さすがのアスカも、この時の二人が言わんとしている事の意味に対してだけは、ほんの少しも理解する事が出来なかったようだった。
「どういう事? 私にも分かるように説明してよ?」
やがて、アスカの疑問に答えて、押し入れに適当に押し込んであった荷物の中から二人が取り出してきた代物は、鈴原トウジが所有していたのであろう一冊の立派なメモリアルアルバムだった。
ベッドで体を起す女性に寄り添い、二人の赤子を抱え込んだままに破顔する軍服姿の鈴原トウジや、桜並木の映えているブリスベーン日本人学校・初等教育部門Gコースに初々しく入校しようとしているツバサとアサヒの姿などが、それらには写っているのである。
けれど、そんな鈴原家のメモリアルの数々を捲っていくと、後半の方のページは、およそトウジやその妻、鈴原ヒカリが出会っていた頃・・・ 若かりし彼らがシンジ達と同じ市立第壱中学の生徒だった頃の写真群で、その全てが埋め尽くされていたのだった。

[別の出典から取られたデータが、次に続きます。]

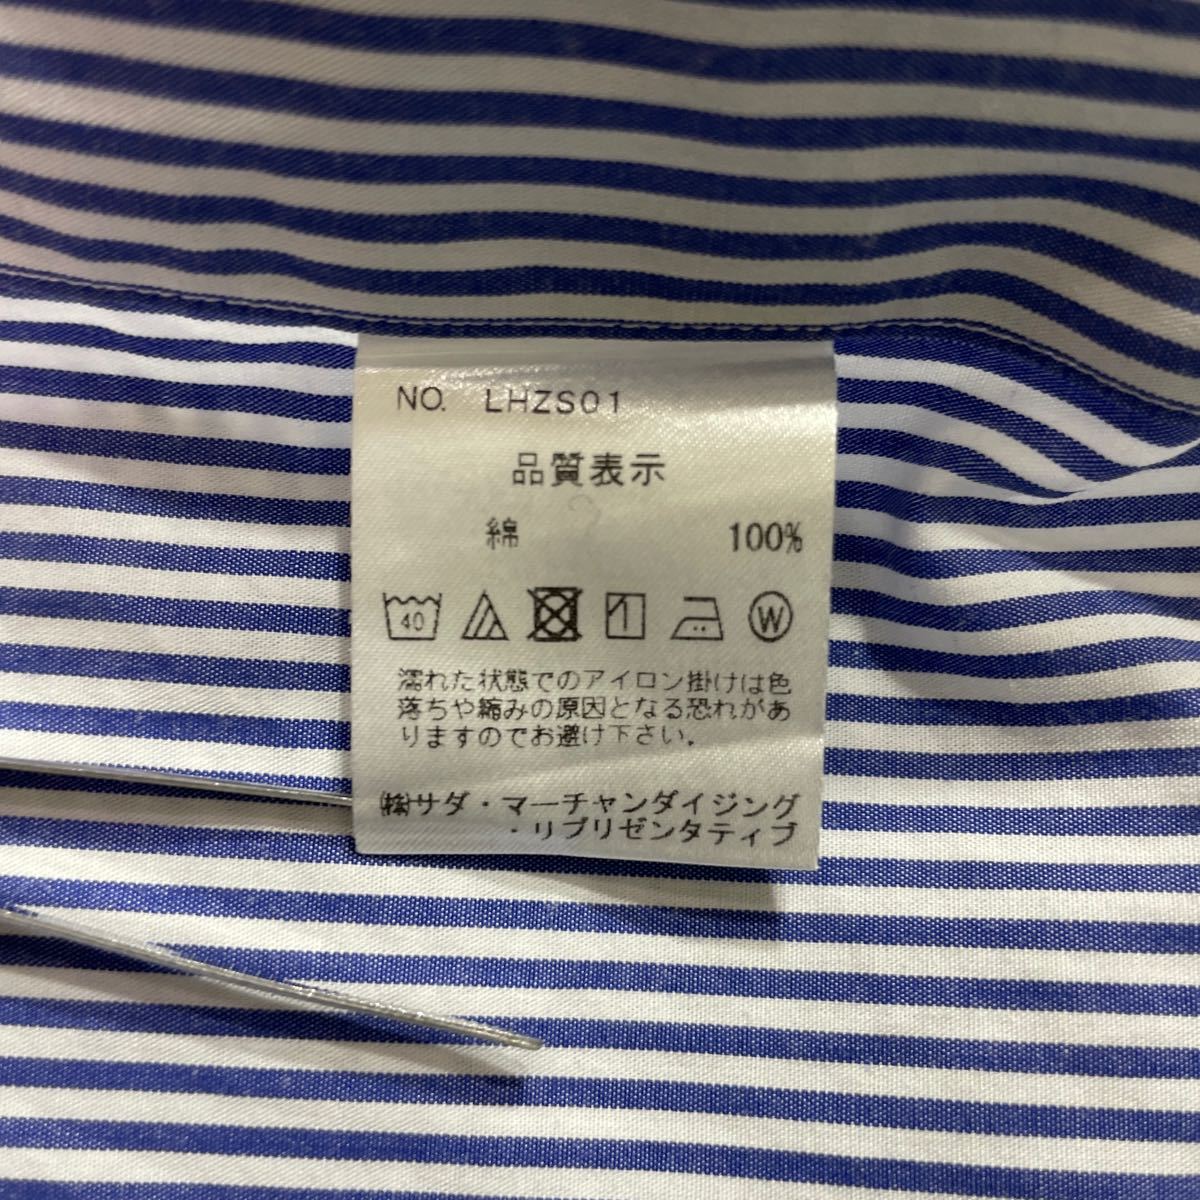 267 Maker's Shirt 鎌倉 メーカーズシャツ カマクラ ストライプ 長袖 ワイシャツ 225 Liberty CONTEMPORARY SLIM FIT 日本製 メンズ 40116M_画像6

意味も無くふんぞり返っている剛直そうな聞かん坊・・・ トウジさん
どうやらクラス委員長でもあったらしく、なにやら本気でトウジさん達の事を怒ったりしている事もあるけど、別の写真では、それ相応の最高の笑顔を見せている女性・・・ トウジさんの奥さん、ヒカリさん
そして、それらの写真に彩りを添える彼らの仲間らしきキャラクター、
何時か見た14年前の先生とメガネ君と
『あと一人』・・・・
『生意気女・惣流、今日も無実の罪で先生の事を苛めるの図。ああ、可哀想』
『違うわよ、これは素直になれない可愛いアスカが、碇君にありがとうを言ってる所!』
『でしゃばり女・惣流、頼まれもしないのにシンジと浜辺でポーズをつけるの図。ええかげんにせいよ。わしはヒカリが撮りたかったんじゃ!』
『私の大親友アスカと碇君、茅ヶ崎の海岸にて・・・ (2015、夏)』
よくよくじっくりと見てみれば、本当は、微妙ではあっても、何らかの差違というものが、これらの写真群には存在しているのであろうか?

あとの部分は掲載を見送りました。